Anxiety and Fear Spread Along with Coronavirus

YOUNGSTOWN, Ohio — Efforts to contain the spread of coronavirus may very well release an outpouring of mental health and addiction issues, experts say.

Mental health and addiction diseases usually lurk in the shadows of health care, but since they have been cited as main reasons to reopen America’s economy, they have been thrust into the spotlight.    

April Caraway, executive director of Trumbull County Mental Health and Recovery Board, Marcy Patton, executive director of Columbiana Mental Health and Addiction Services Board, and Duane Piccirilli, executive director of Mahoning  County Mental Health and Recovery Board, all report local crisis lines and provider agencies are seeing an influx of people seeking help during the pandemic. 

While each county has a slight difference of heightened issues, all agree fear and uncertainty surrounding the pandemic is the common factor. 

“I think our clients are feeling the same as the general public, the fear of the unknown. We’re hearing unemployment benefits are coming now, but there was a period of time when there wasn’t any income coming into the house and that’s very, very scary,” Piccirilli says. 

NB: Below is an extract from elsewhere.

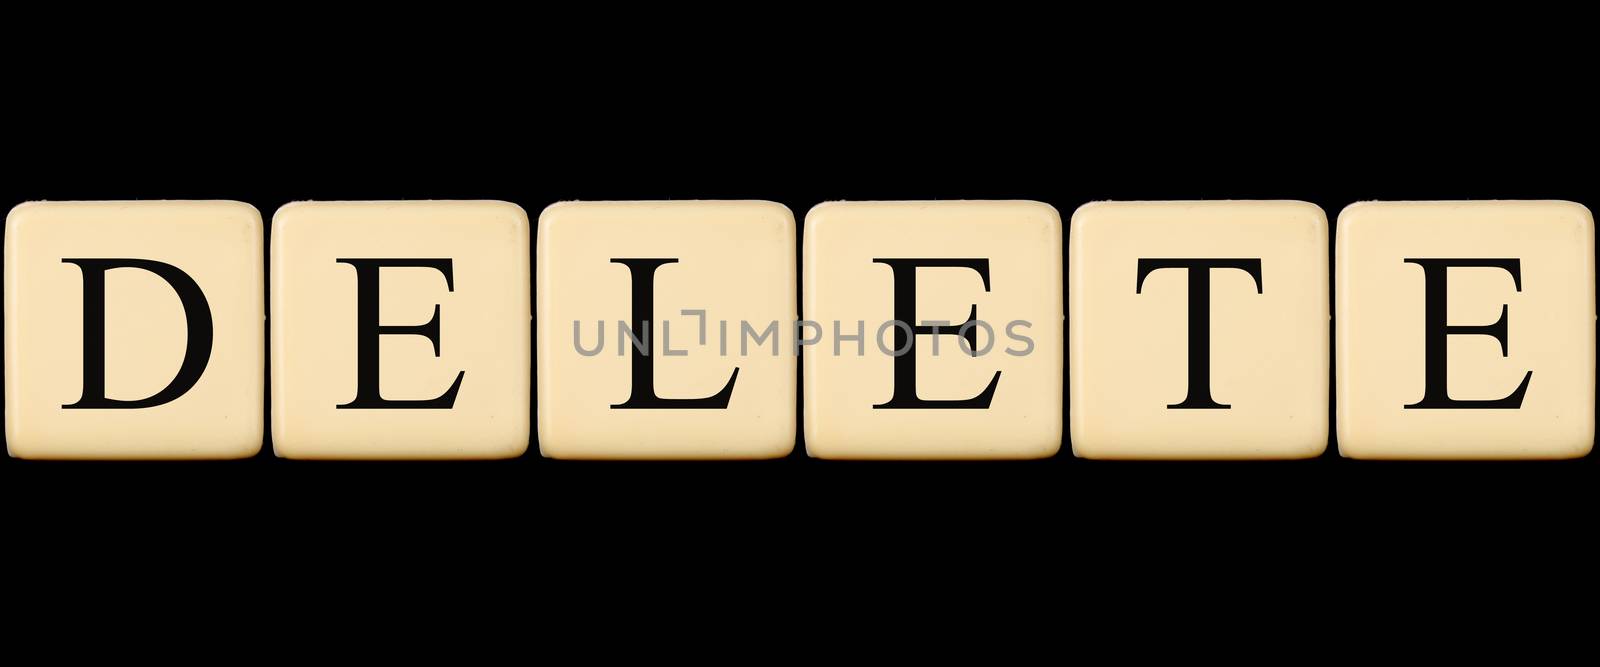 A delete word made from scrabble tiles, on black studio background.

Data from Help Network of Northeast Ohio shows that calls seeking assessments and referrals for information such as utility assistance, food pantries, services or phone numbers increased by 1,043 between February and April compared to the same time period in 2020. Crisis calls only have increased in that same time period by 61.

Trumbull County is seeing an increase in suicides as well as drug overdoses in the past couple months, Caraway says. 

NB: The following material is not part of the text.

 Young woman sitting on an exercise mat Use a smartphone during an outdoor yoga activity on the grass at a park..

“We’ve been hearing from the coroner’s office that there has been an increase in overdose deaths because of COVID-19 and we think anecdotally people are struggling with some of the isolation,” she says.

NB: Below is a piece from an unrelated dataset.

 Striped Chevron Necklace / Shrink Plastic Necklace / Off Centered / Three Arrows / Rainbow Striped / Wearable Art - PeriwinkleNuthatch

In 2019, Trumbull County recorded 26 suicides. Through April 7, 10 people have died from suicide.

Caraway says a lot of calls have resulted in police going out for suicide ideation and individuals then getting inpatient or outpatient help if needed.

“We know people are struggling with depression and anxiety issues,” she affirms.

“May is typically a high month, so then add in isolation, lack of being around family and fear – regular people who don’t struggle with anxiety, fear and depression on a regular basis are struggling with all of those things.” 

Columbiana County is also struggling with substance abuse and overdoses, Patton says.

“We’ve seen an increase in relapses and overdoses. A year ago we had 34 overdose deaths with a couple [of determinations] pending,” Patton says. “We’re already at 10 now and we’re only five months into the year.” 

Mahoning County Public Health noted on a press release May 22 that the Ohio Department of Health has seen an increase in the number of patients presenting to emergency departments for suspected drug overdoses in the county.

Last year, Mahoning County had 97 confirmed overdose deaths and six suspected, a total of 103. Through April of this year, there were 33, with seven confirmed and 26 suspected. All deaths are preliminary as testing and investigation take time.

Trumbull’s Overdose Surveillance Report shows there were 89 overdose deaths, 78 confirmed and 11 suspected in 2019. Through April this year, 32 fatal overdoses have occurred with 17 confirmed and 15 suspected.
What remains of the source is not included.